# DATA SHOWN

----

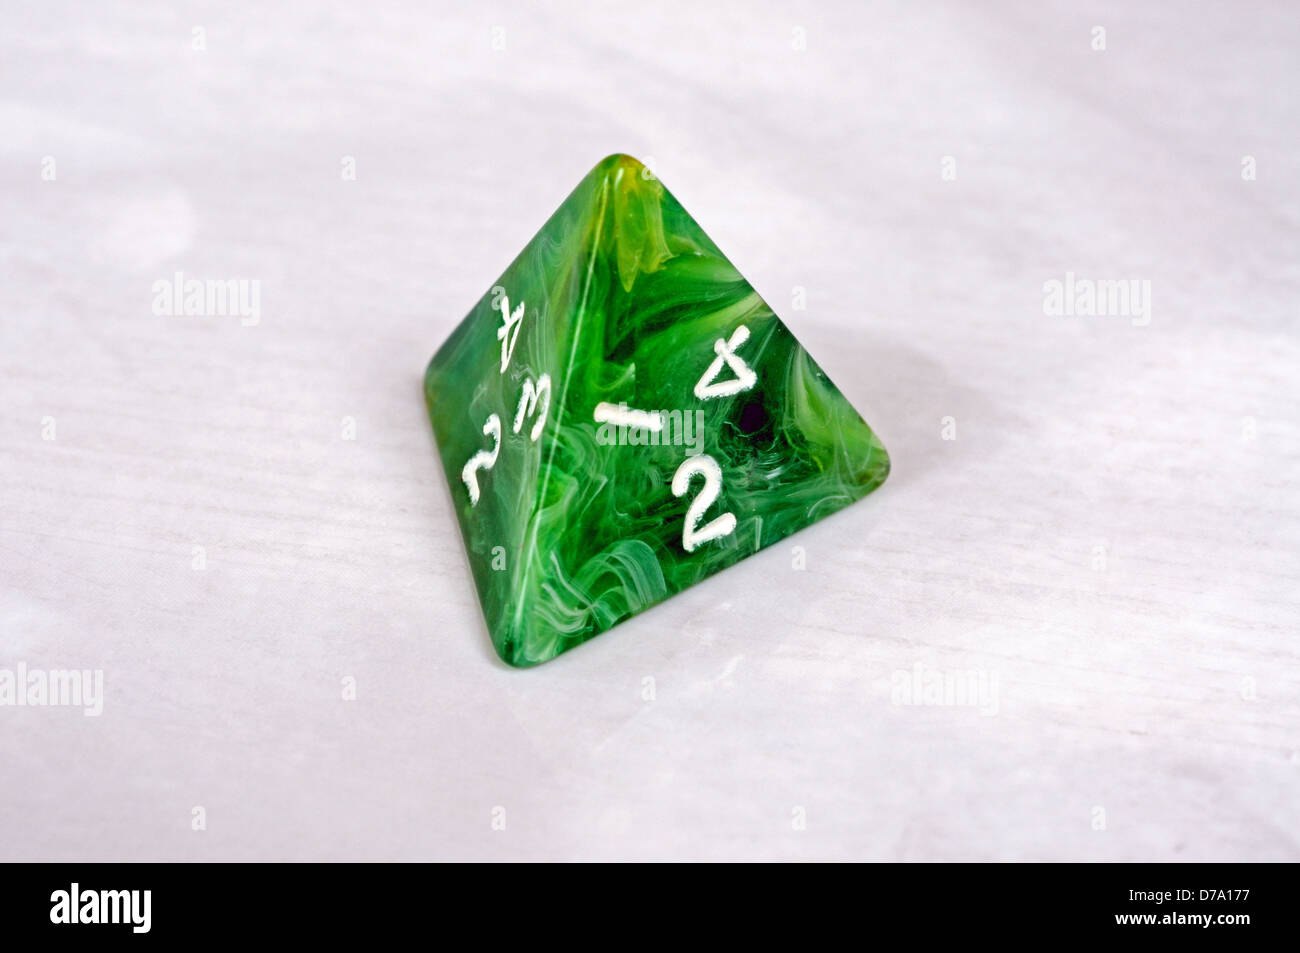 Platonic 4 sided pyramic die against a white background. Stock Photo
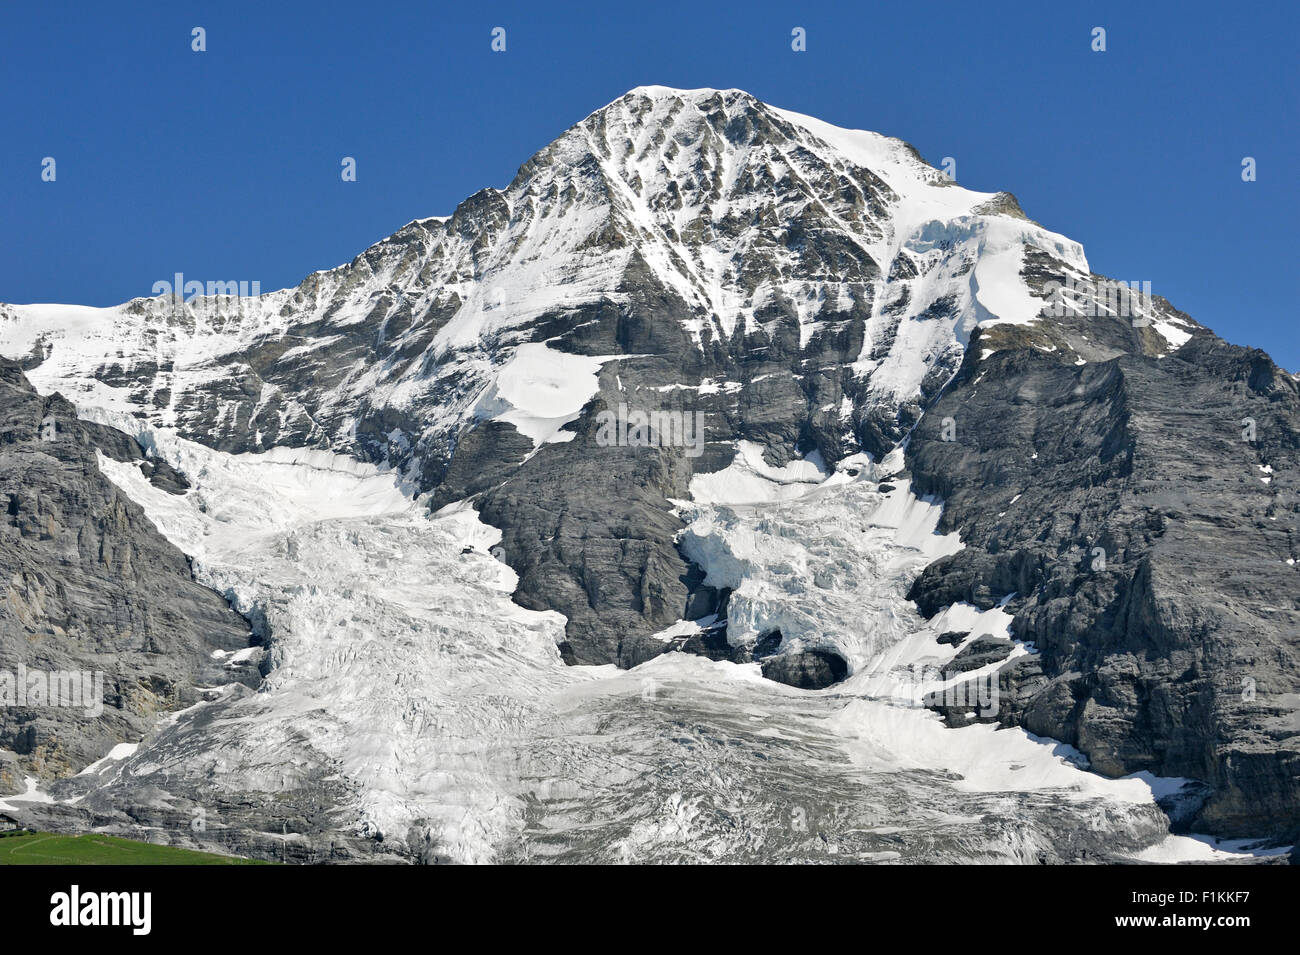 North face of the Mönch, forms part of a mountain ridge between the Jungfrau and the Eiger in the Bernese Alps, Switzerland Stock Photo
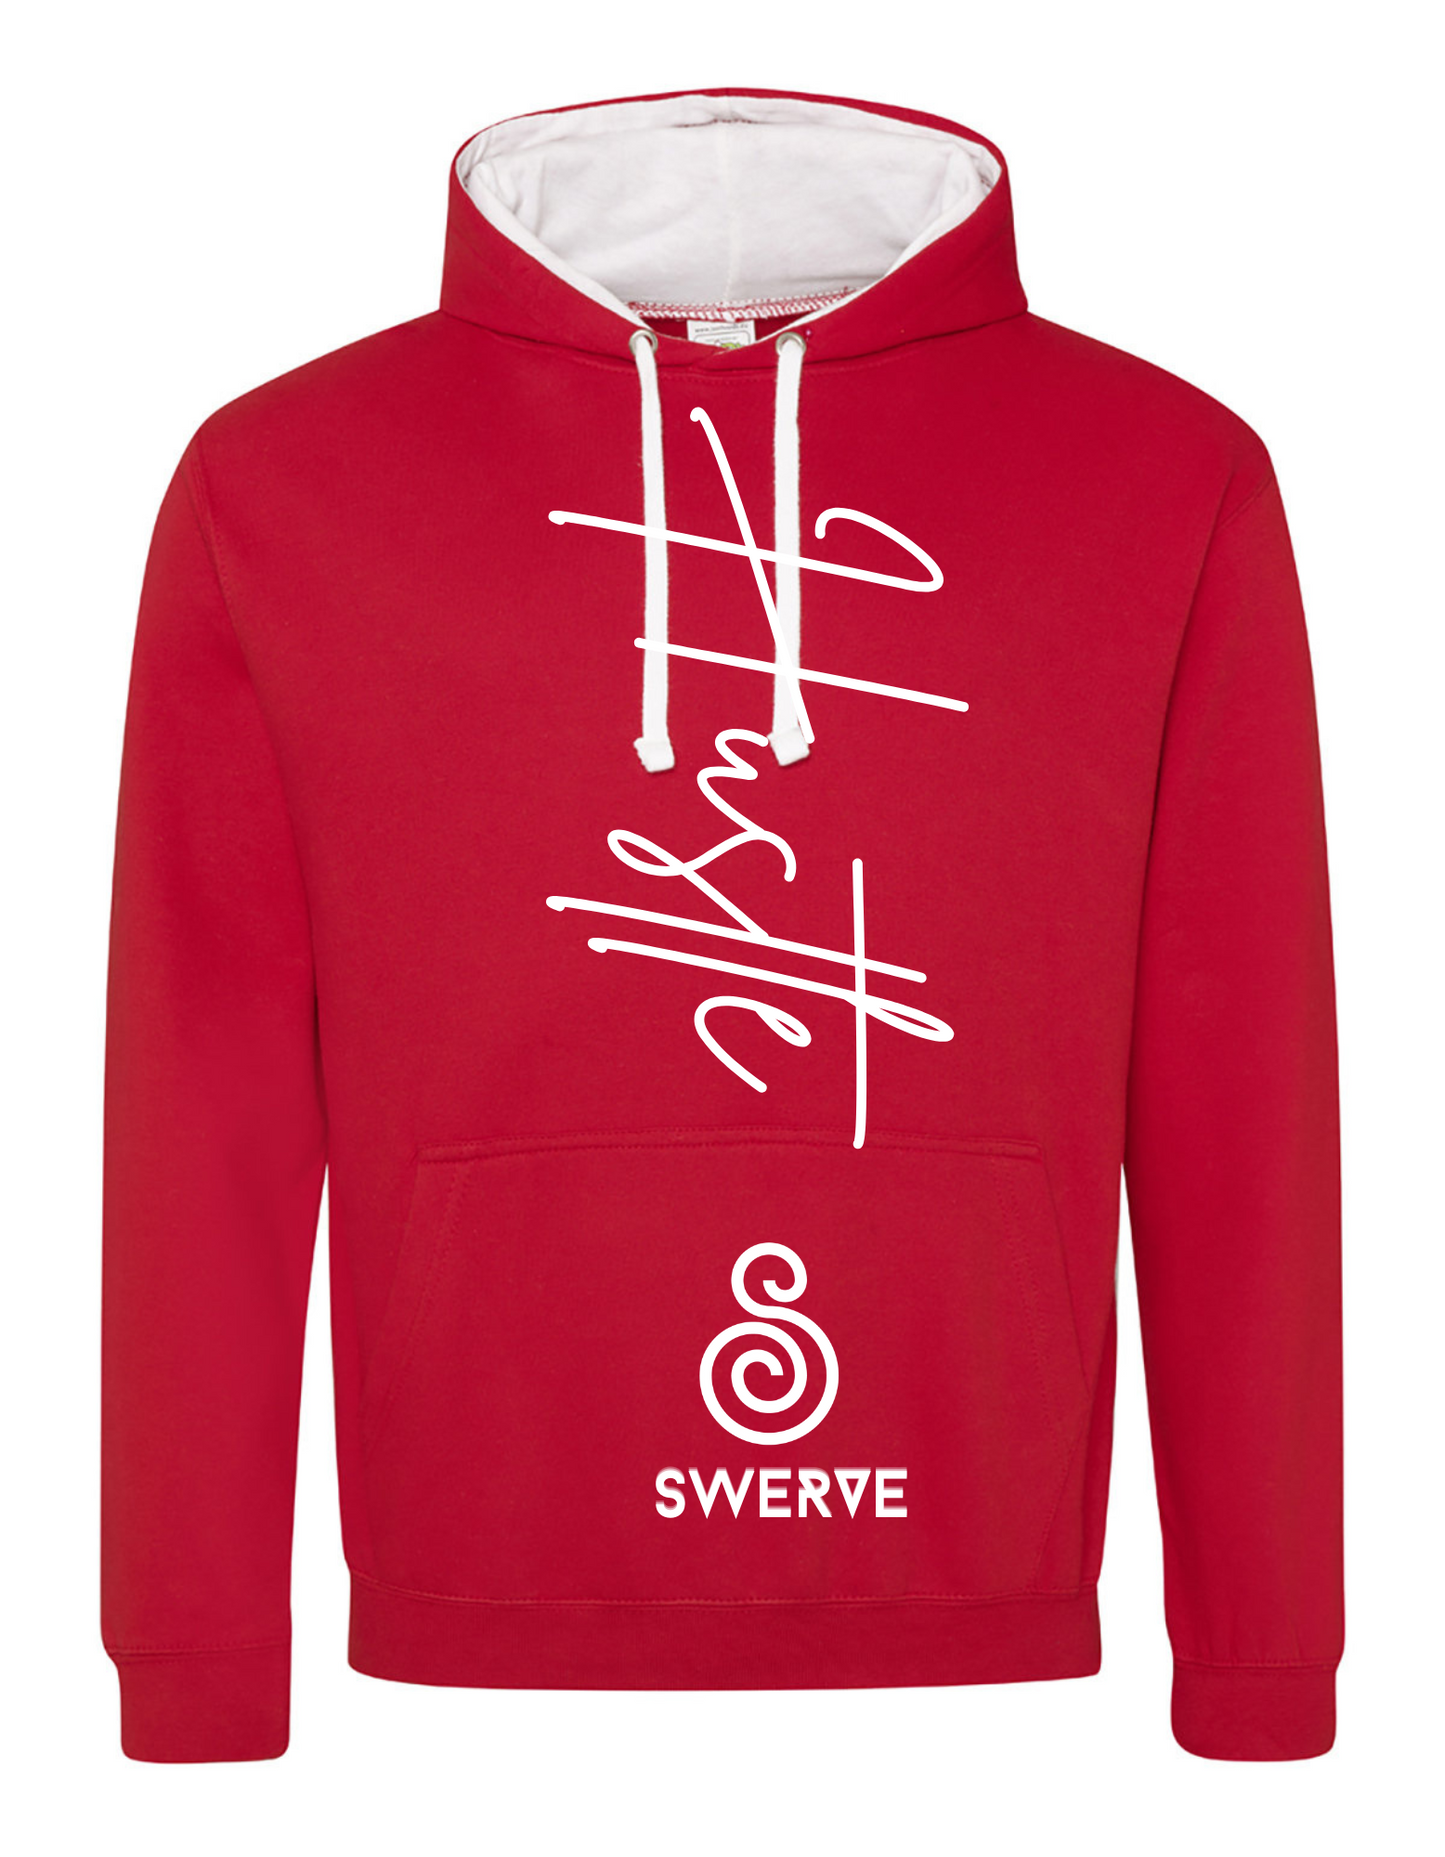 Stay Ahead of the Game: The Hustle and Swerve Hoodie
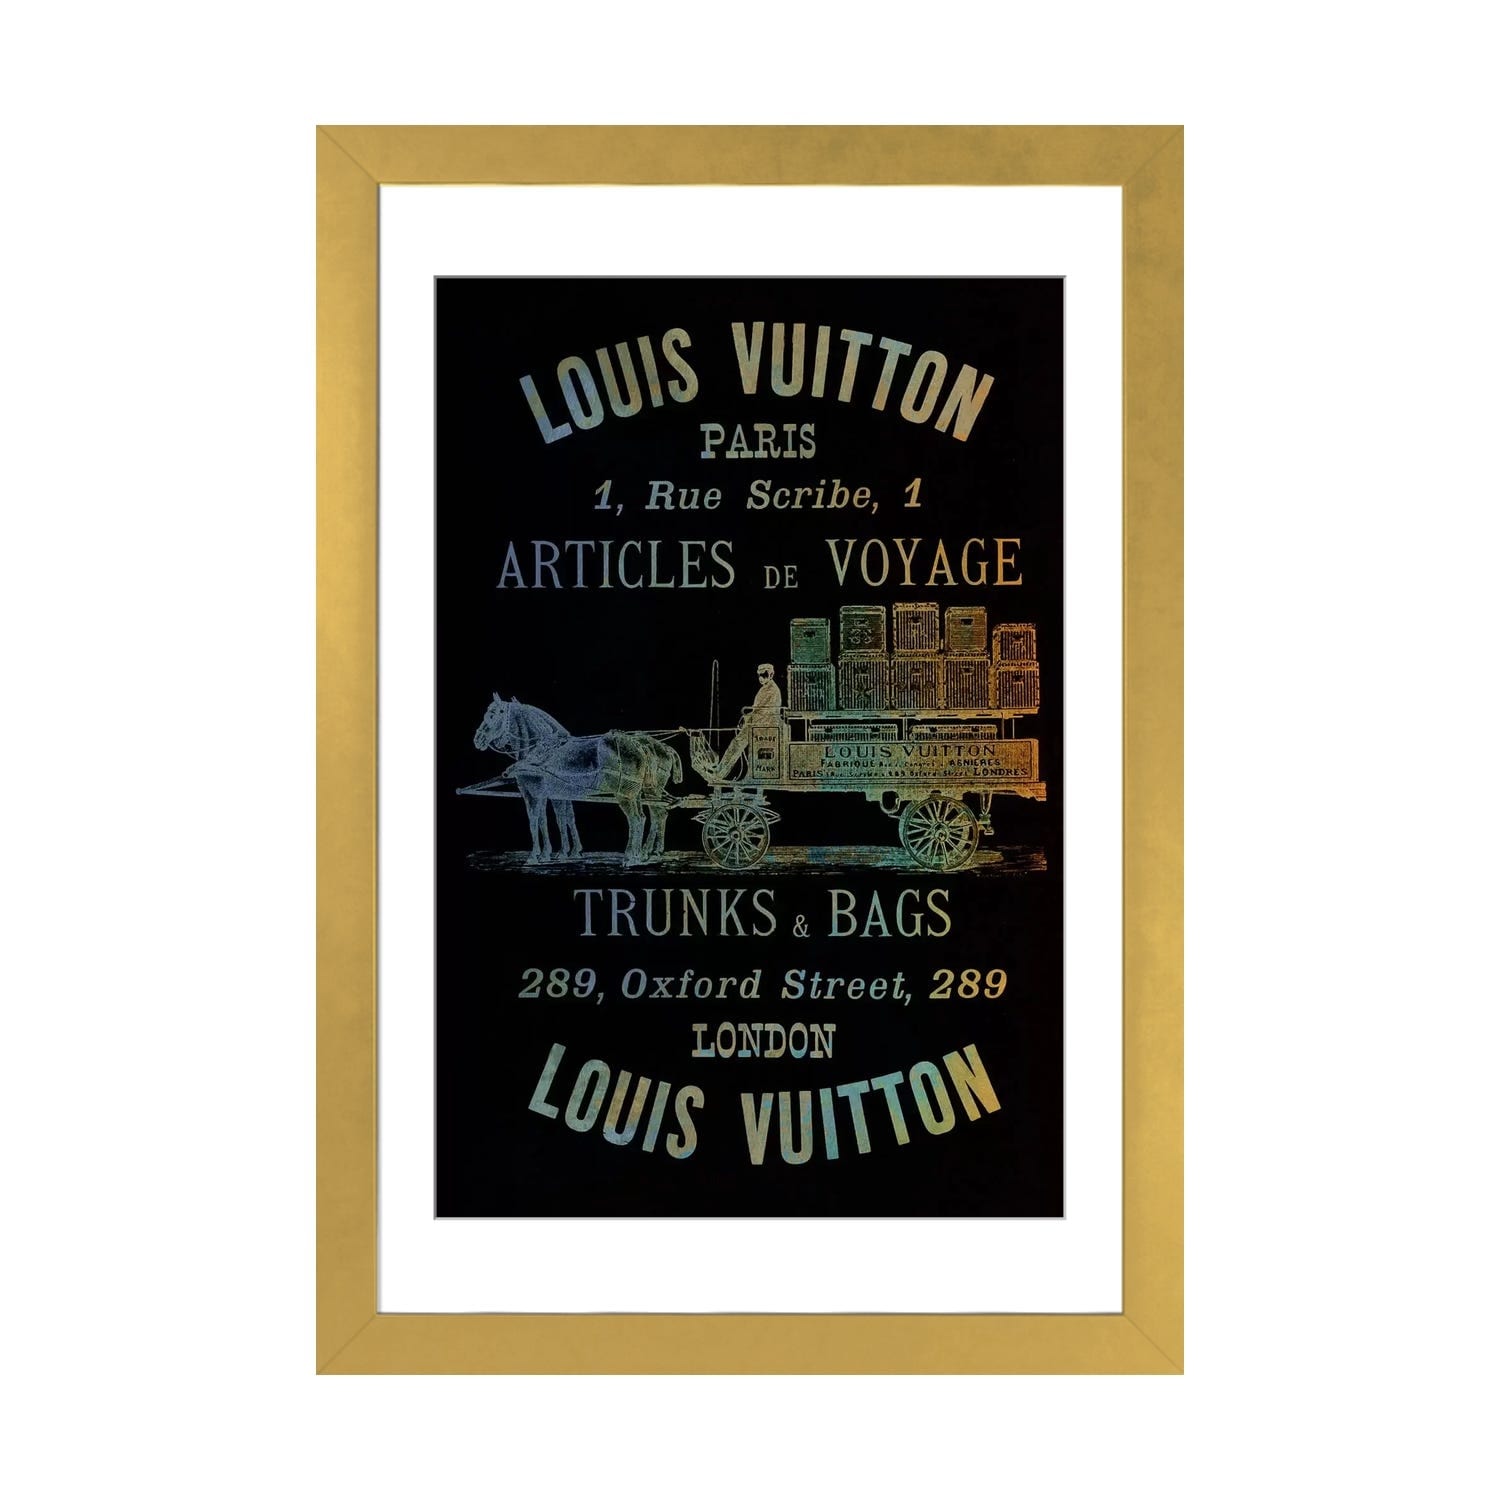 iCanvas 'Vintage Woodgrain Louis Vuitton Sign 4' by 5by5collective

----

# WORK TO COMPLETE
Set the listing down again exactly, skipping each picture.

# ANSWER FOR THIS EXERCISE
 Platonic 4 sided pyramic die against a white background. Stock Photo
 North face of the Mönch, forms part of a mountain ridge between the Jungfrau and the Eiger in the Bernese Alps, Switzerland Stock Photo
 Stay Ahead of the Game: The Hustle and Swerve Hoodie
 iCanvas 'Vintage Woodgrain Louis Vuitton Sign 4' by 5by5collective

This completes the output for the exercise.